All those who are very interested in the subject already know who will be the most intelligent: Willie Nelson, Dolly Parton, Merle Haggard, Rosanne Cash and Emmylou Harris. But Burns has discovered unlikely commentators who sometimes threaten to steal the show. Who could have known if Brenda Lee spoke so well, or Jeannie Seely, Ray Benson, Carlene Carter or Charlie Pride? Country music to his surprises.

But best of all is Marty Stuart, who, in addition to being a great musician and articulate music historian to whom he has devoted his life, also has a great story: when he was still a boy, he had told his mother was going to get married. the country's star Connie Smith one day, and several decades later, he did just that.

Looking at the doc, there were more times than I could count and would have liked Burns to come and shoot a Marty Stuart movie talking. His improvised remarks are just as insightful as anything in the voice-over script written by Dayton Duncan and read by Peter Coyote. As Shelby Foote was Burns Civil warMarty Stuart too Country music.

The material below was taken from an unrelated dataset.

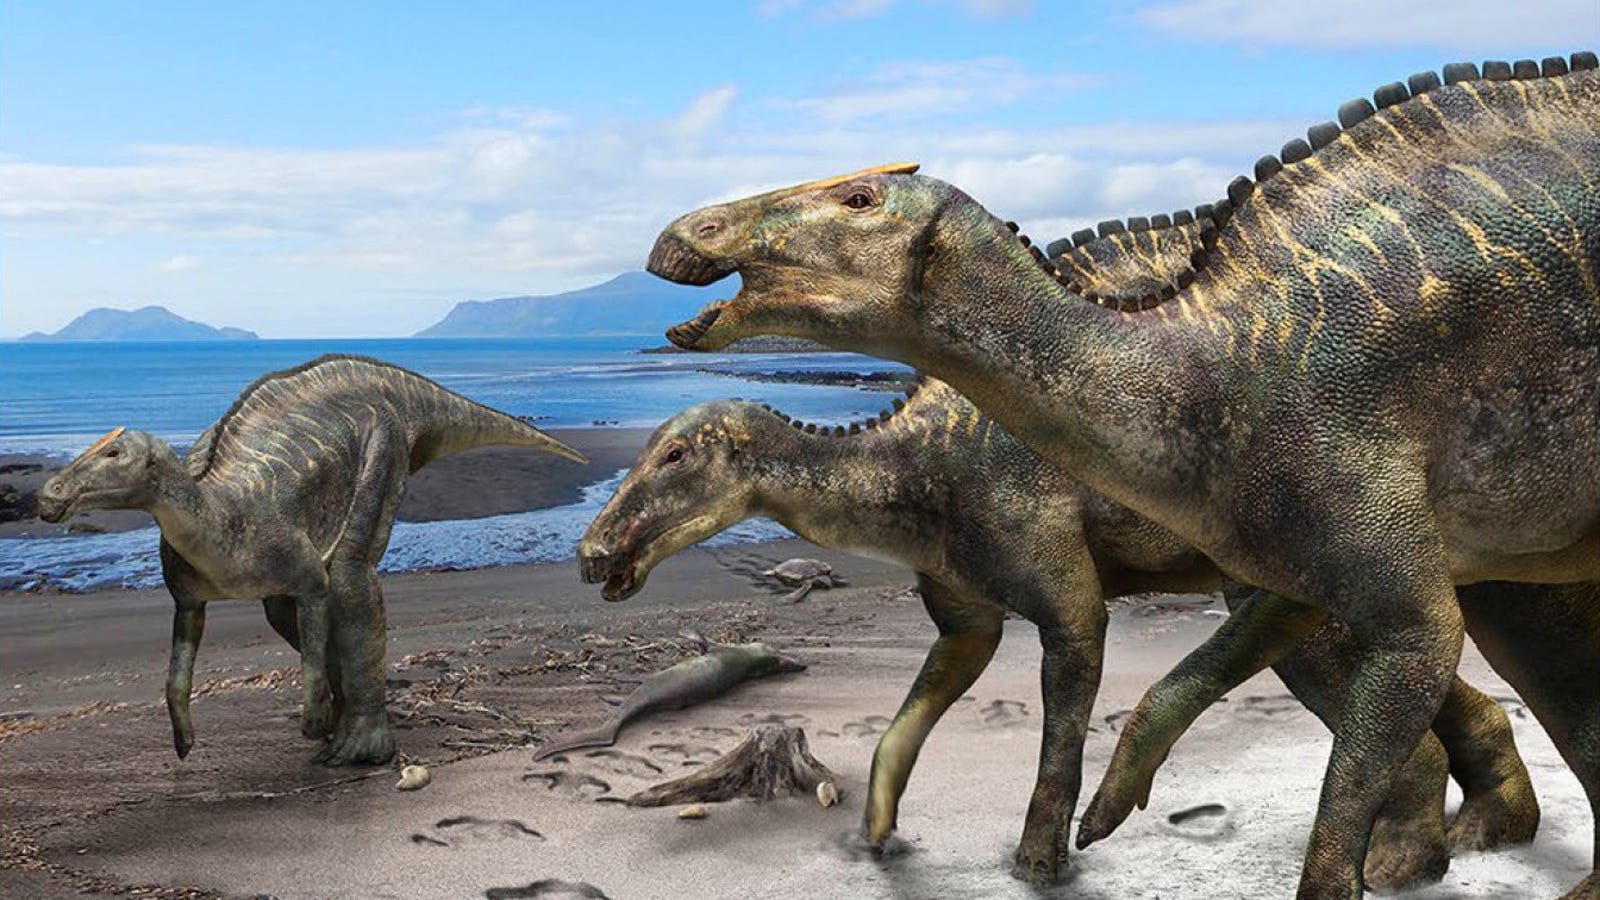 Newly Discovered Japanese Duck-Billed Dinosaur Was a Cretaceous Beach Bum

It is Stuart's responsibility to emphasize the aforementioned dichotomy between Jimmie Rodgers' blues and refinement and traditional Carters gospel music. It is Stuart who points out that Maybelle Carter has practically invented the country guitar sound.

Beginning the fifth episode, Stuart describes the musical melting pot of the Grand Ole Opry scene in the middle of the century: "All his children had come to the Mother Church of Country Music. It was almost like a badge of honor that you had to bring your culture with you to the table. That's why Bob Wills and his guys brought us Western music. That's why Hank Williams brought the South with him from honky tonks. Johnny Cash brought the black soil of Arkansas. Bill Monroe extracted music from bluegrass music from Kentucky. Willie Nelson brought his poetry from Texas. Patsy Cline brought her the heartache of Virginia. I mean, it was the most wonderful parade of sons and daughters in America that brought their hearts, souls and experiences, and it gave us a great era for country music. "

The episode five is perhaps the best part of the series. Covering the years when Haggard, Parton, Buck Owens, Loretta Lynn and George Jones and Tammy Wynette dominated the radio's playlists, it illustrates the moment when popularity and musical genius were only one. After this strong moment, the series, like the music it covers, loses steam.